R1: The evaluations are based on benchmarking datasets that are released on the web. I am wondering if study considered the test data contamination issues where the LLM models have seen the datasets in their training phases.

A1: Thank you for raising this insightful concern. We have checked the knowledge cut-off dates of the models used in our experiments to avoid data contamination. The cut-off date for Llama2 is September 2022, and for Chatgpt-3.5, it's September 2021. The adversarial samples we used, such as AdvGLUE and GPTFUZZER, were released in November 2021 and October 2023, respectively. The Automatic Gradient Generated samples were dynamically generated. Therefore, we believe that there were no data contamination issues in our experiments. Additionally, we have supplemented our study with the latest attack[1] methods as further verification. (due to max length limit, only gpt-3.5 results are show below)

	Task	SST-2	QQP	MNLI-m	MNLI-mm	RTE	QNLI	Avg
GPT-3.5	PromptAttack-EN	56.00	37.03	44.00	43.51	34.40	40.39	42.54
	AHP (ours)	51.61	30.81	39.83	36.92	27.82	33.40	36.22
	PromptAttack-FS-EN	75.23	39.61	45.97	44.10	36.12	49.00	48.34
	AHP (ours)	70.74	34.44	40.24	39.71	31.56	43.91	43.35

The results(ASR) above are consistent with the conclusions of our existing experiments. The effectiveness of our method stems from the large language models' understanding of language semantics. Through our designed APH framework, LLMs can autonomously uncover potential risks.

R2: Also, it is also better to include human evaluation besides benchmarking datasets to state the robustness of the proposed framework. Do you have any human evaluation studies to verify the findings?

A2: Thanks. Human evaluation indeed enhances the comprehensiveness of the experiment. In our experiments, we already have attack methods built with manual templates, which can be seen as human verification. The results are shown in Table 2. The experimental results on manual template attacks have proven the effectiveness of the method. For human evaluation of defense process, we have provide case studies in Appendix F.

[1] An LLM can Fool Itself: A Prompt-Based Adversarial Attack, ICLR, 2024

2024-06-05

I have read the answers and updated my score accordingly. Overall, the proposed framework is interesting and shows promising results. Although, I would still recommend further analysis to make sure that the performance is reproducible. The authors can explore the working of AHP on other dimensions of trustworthiness.
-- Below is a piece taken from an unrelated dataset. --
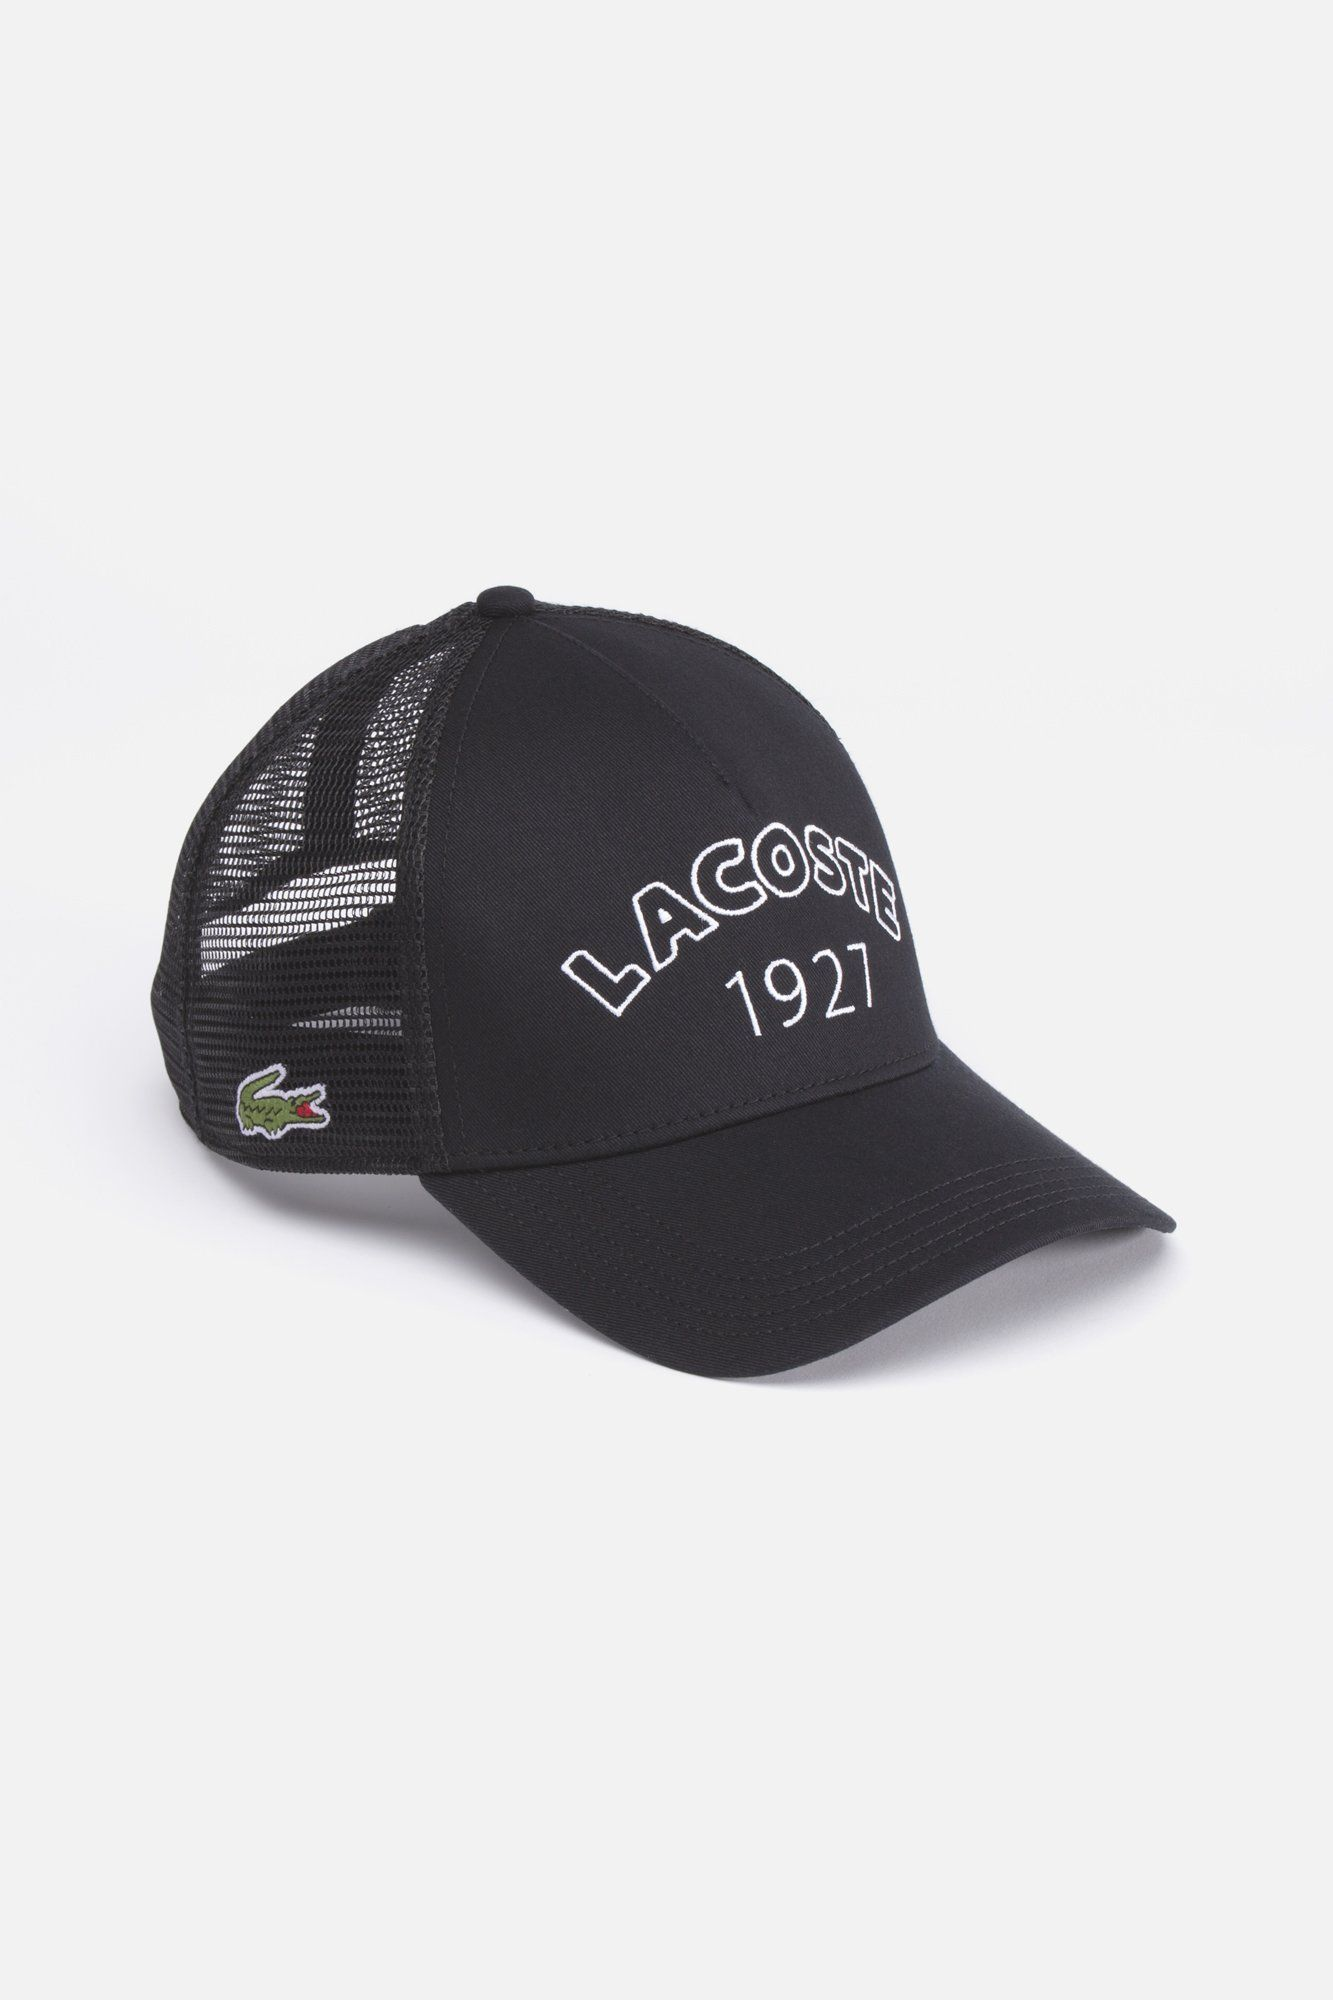 b61c3f25f4c Lacoste Men s 1927 Trucker Cap   Caps   Hats

评论- Thanks for your valuable comments

2024-06-05

Many thanks to the reviewer for the valuable comments and the acknowledgement of our work. We shall seriously address the reviewers' comments on evaluation and reproducibility, and provide human evaluation results as well as other further analysis in the revised paper.

Best,

Authors of paper 343

最终决定Accept

2024-07-10

This paper proposes a framework to improve adversarial robustness at inference time. The process involves iterative processes of inspecting and refining generated text.

Overall reviewers are all positive about this paper. They appreciate that the method is intuitive and well-motivated, and that the empirical results are convincing of the effectiveness of the method. They also appreciate that the paper is clear and well-written, and that the method is general (not attack-specific) and doesn't require fine-tuning.
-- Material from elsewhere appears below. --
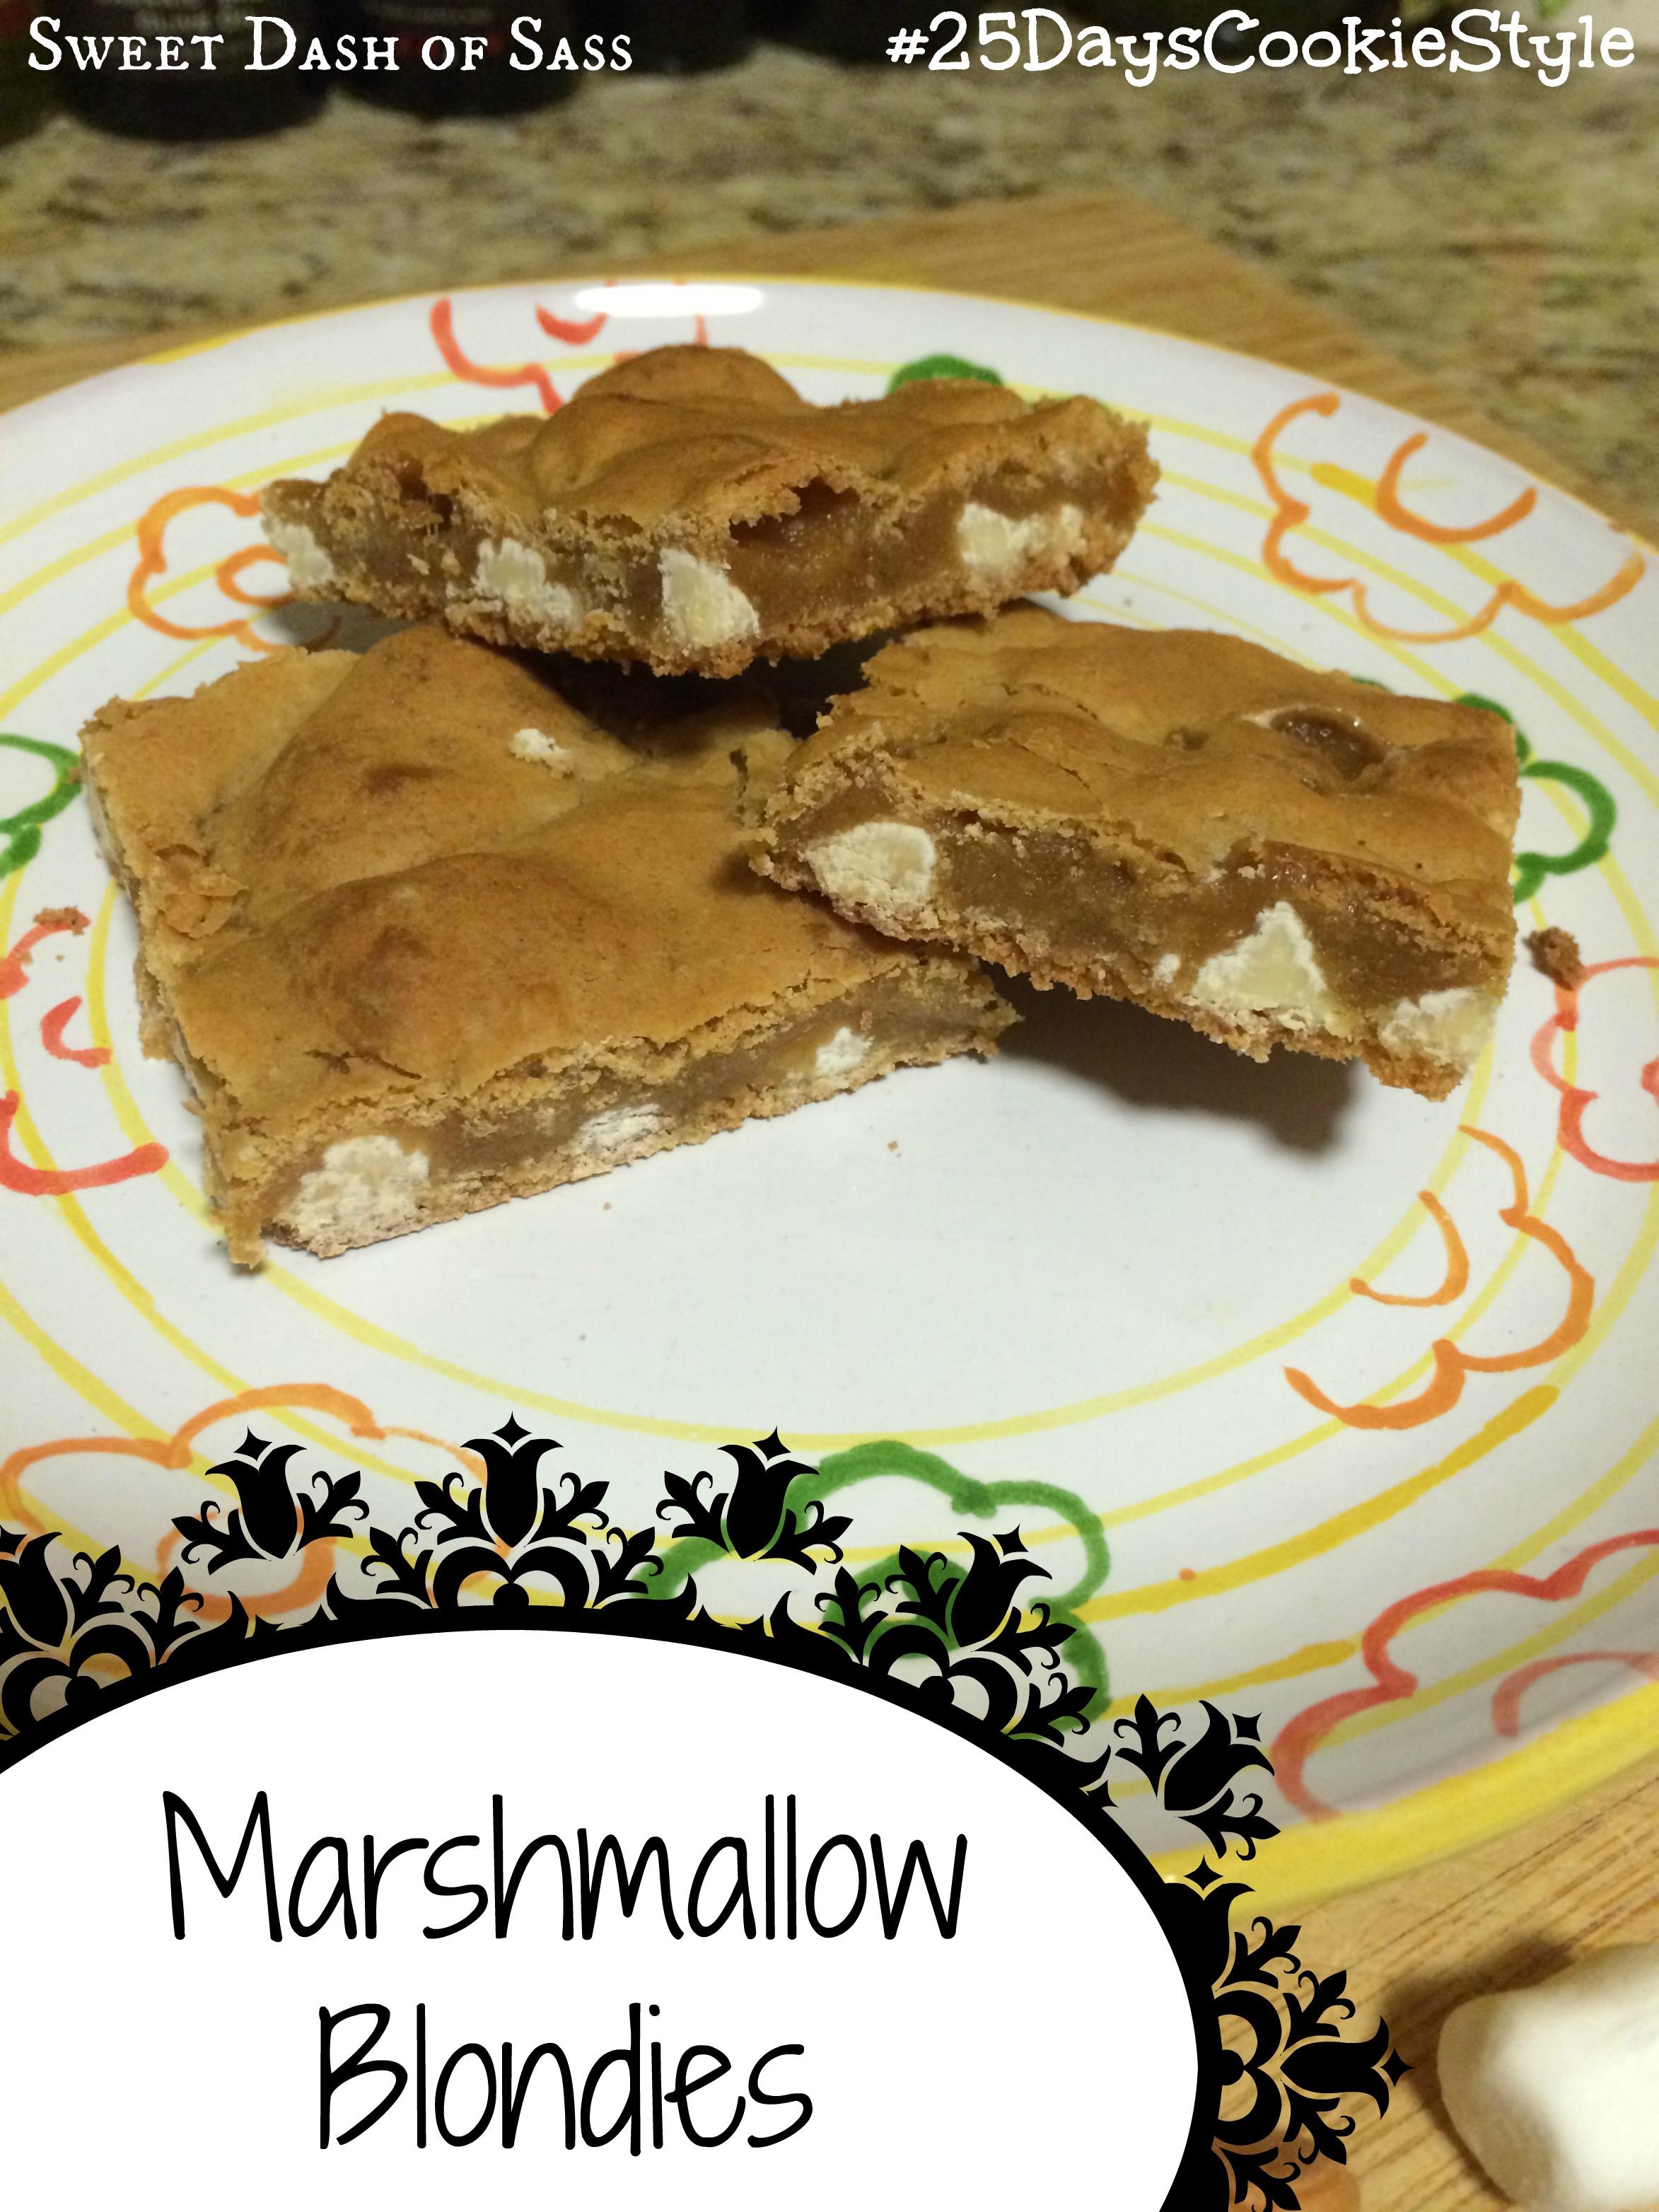 Marshmallow Blondies - #25DaysCookieStyle www.SweetDashofSass.com

Reviewers raise some concerns, including that the method adds computational cost, and that there could be more theoretical analysis, incorporation of additional stronger baselines and attacks, and possible additional ablations. however, on the whole authors have satisfactorily addressed these concerns in their responses, and this seems like a solid submission for publication.

[comments by the PCs] Please follow up on the AC recommendations. Discussing limitations and costs can improve the paper and provide a more complete picture of the approach.